Joe hizo el gesto de “tres” con los dedos mientras ponía los ojos en blanco.
-¡Les queda un minuto! –les advirtió Cande muerta de risa.
-¡Para Cande! –le pidió Chace desesperado mientras observaba a Joe confuso. Iban perdiendo tres a dos-. ¡Ay, no se!
-A ver, Joe, hacelo de nuevo –insistió Tom.
El aludido puso los ojos en blanco nuevamente y repitió las patadas pero esta vez les agregó un gesto de cachetes inflados y los brazos abiertos al costado de su cuerpo imitando a un gordo o algo por el estilo. A cada gesto que hacía aumentaba el volumen de nuestras risas, a pesar de que hacía unos cuantos minutos que no podíamos hacerlas detener con nada.
-No se que es lo que hacés, Joe –rió Chace.
-Treinta segundos… -lo urgió Abril a carcajadas.
-Veintinueve… -continuó Cande.
-Veintiocho… -dije yo estallando de risa.
-¡PAREN! –pidió Joe desesperado.
-Hablaste –lo acusó Abril y abrió su boca en una perfecta ‘O’.

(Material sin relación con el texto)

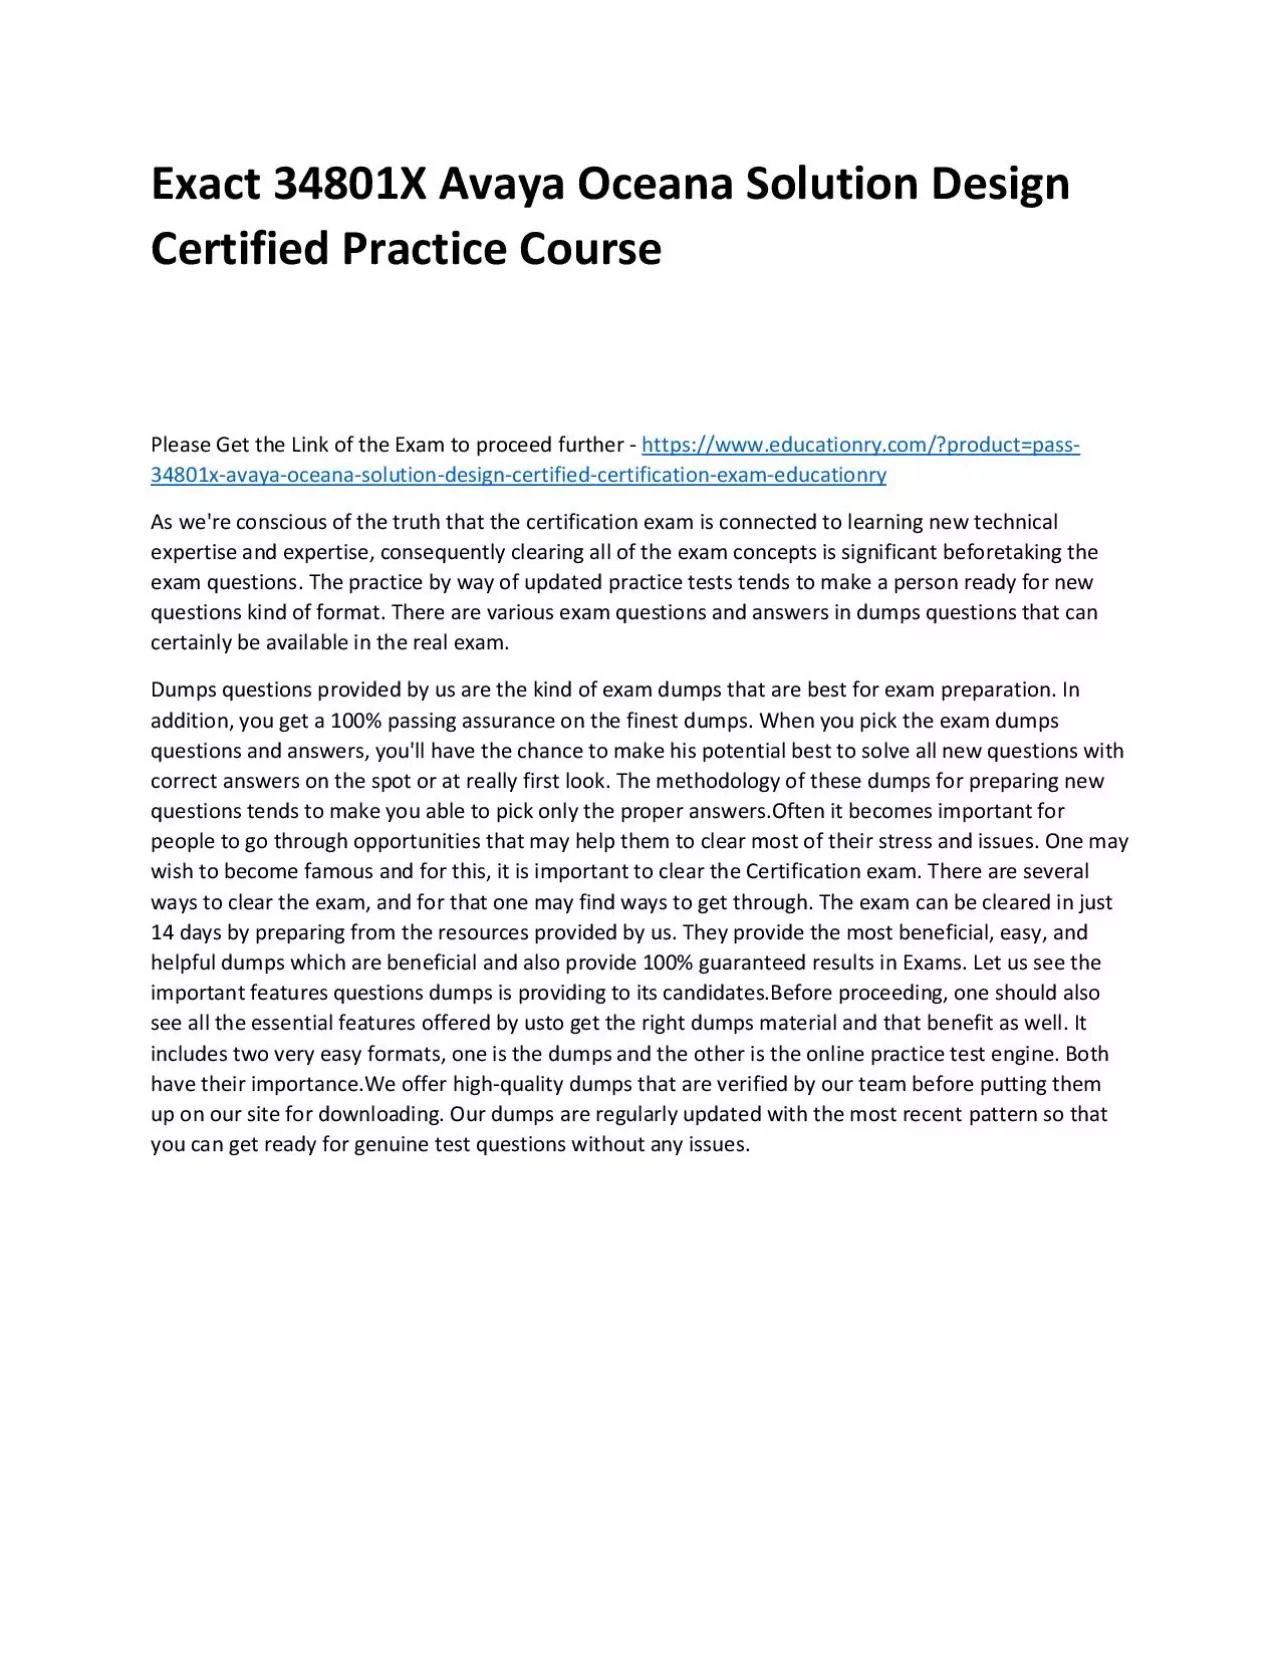 Exact 34801X Avaya Oceana Solution Design Certified Practice Course
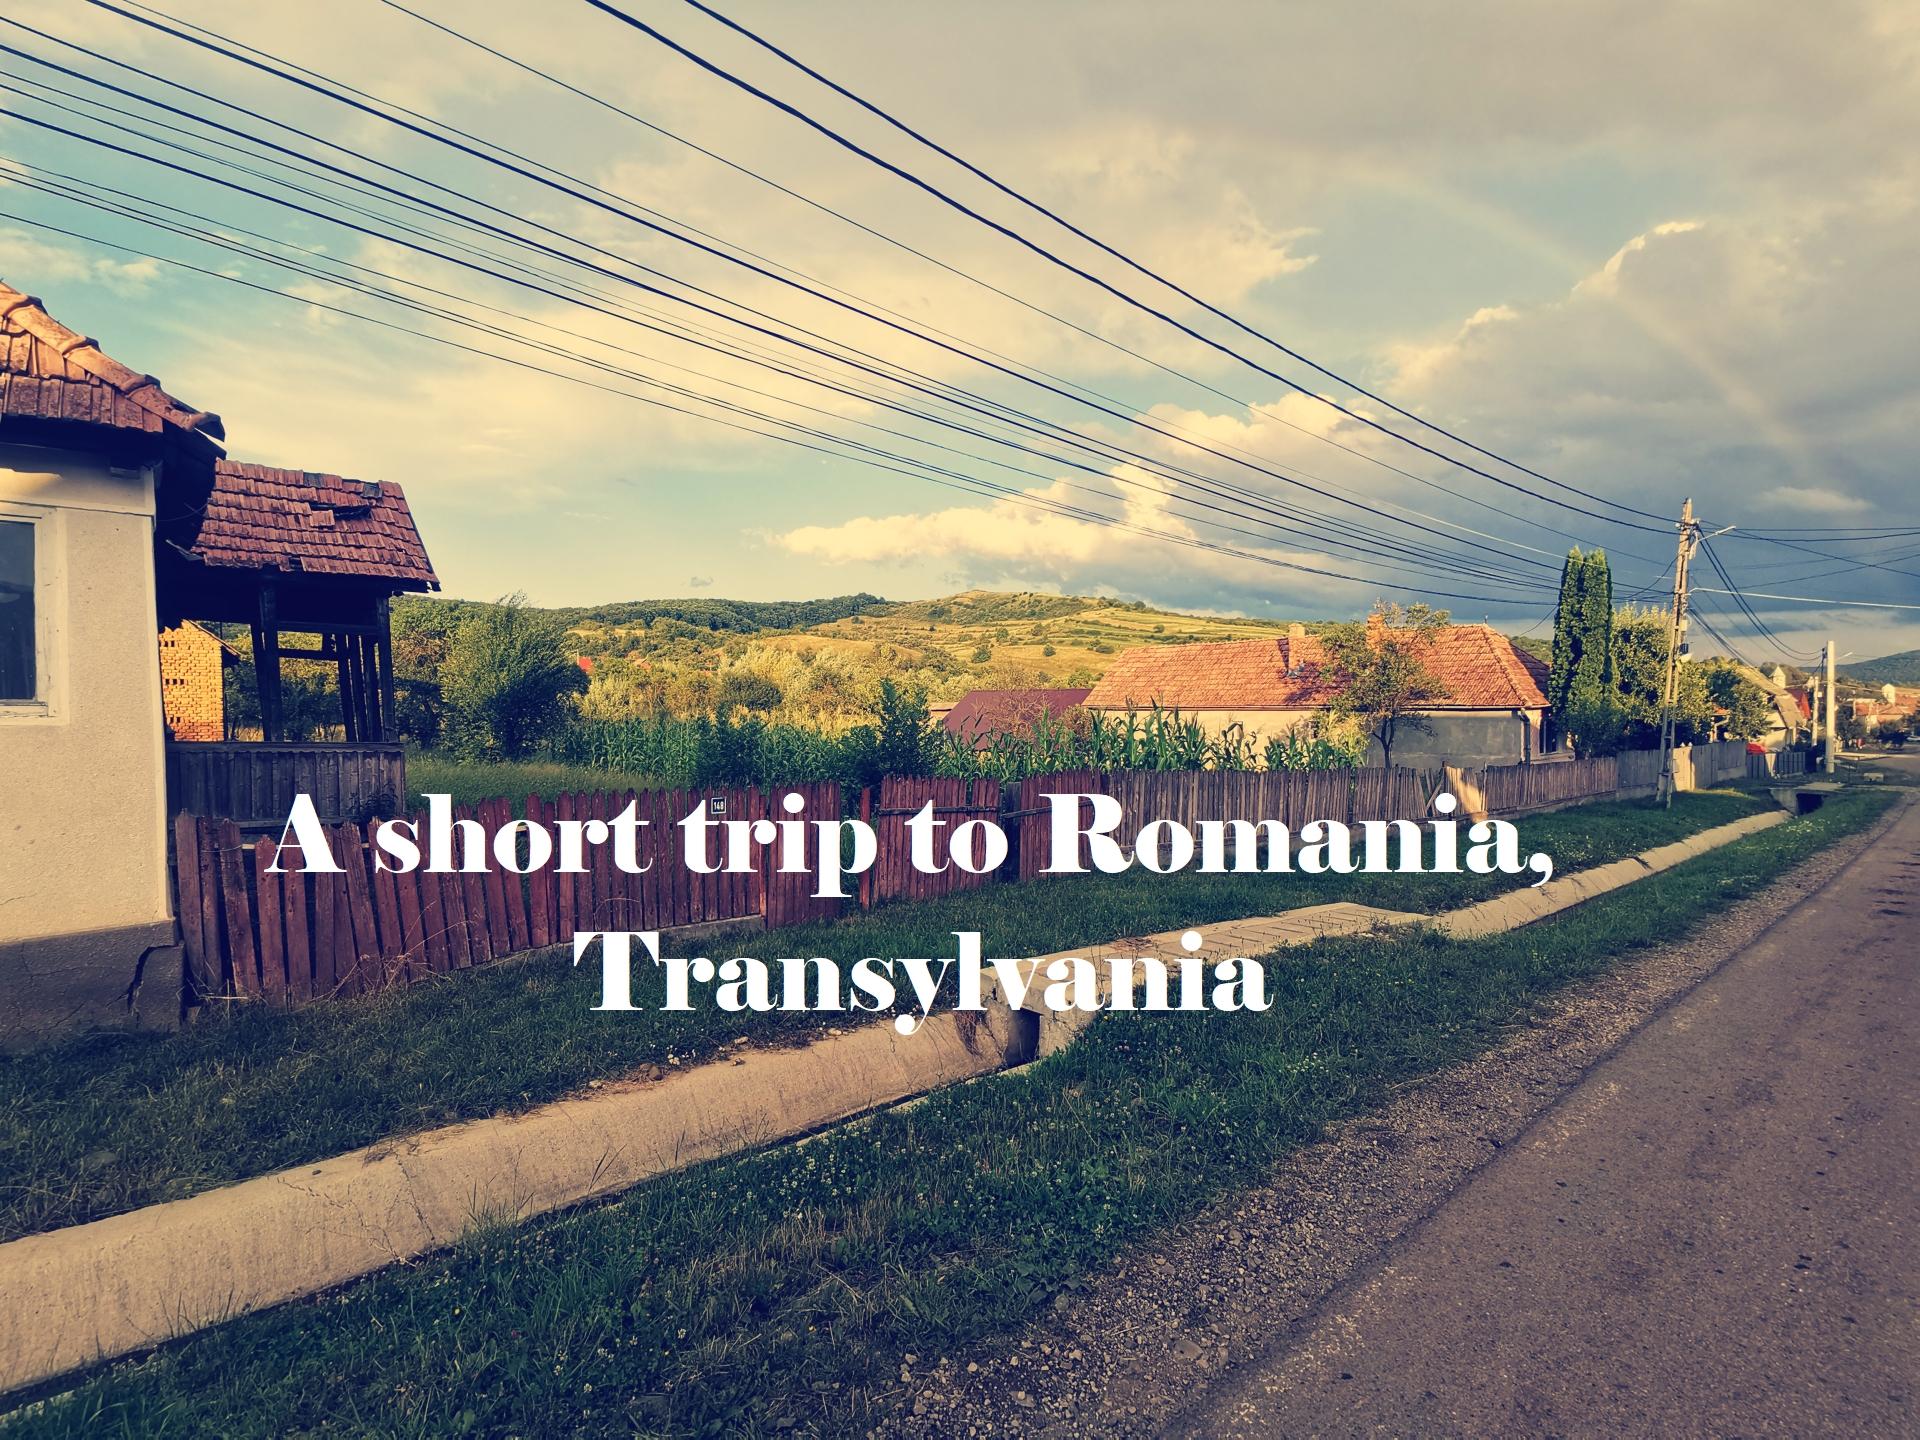 Buna Romania!

-Si, pero eso no cuenta –lo defendió Tom.
En los últimos veinticinco segundos, Tom y Chace terminaron igual de tentados que nosotras, mientras que Joe nos miraba entre ofendido y tentado también, pidiendo atención a sus movimientos de artes marciales.
-¡Tiempo! –exclamamos mis amigas y yo al unísono.
Entonces, como si hubiese sido algo completamente obvio y predecible, Joe miró a Chace y Tom y con los ojos muy abiertos les gritó:
-¡KUNG FU PANDA!
Hubiese jurado que era imposible reírnos mas de lo que nos estábamos riendo en ese momento, pero aun así nuestras carcajadas subieron de volumen.
-¡Pero mirá la película estúpida que estabas haciendo! –reprochó Tom.
-¡Ellas me la dijeron! –nos señaló Joe.
Nos pasamos un rato largísimo jugando al mismo juego con ese tipo de películas viejas y graciosas, hasta que terminamos los seis tirados en el piso sin poder parar de reír. Cuando finalmente nos calmamos, me senté en el sillón y me di cuenta de que mi estomago crujía.
-Uy, tengo hambre.
-Voy a buscar algo para comer, ¿querés? –me ofreció Cande.
-Como quieras.


Cande

Me levanté del suelo y caminé hacia la cocina. Ya en ella, me acerqué a la mesada y abrí la puerta de la alacena en donde guardábamos las galletitas. Moría por comer algunas de chocolate. Estaba decidiendo cuales llevar cuando sentí pasos detrás mío y me percaté de que había alguien mas en la habitación.
-Candela…-dijo una voz áspera a mis espaldas.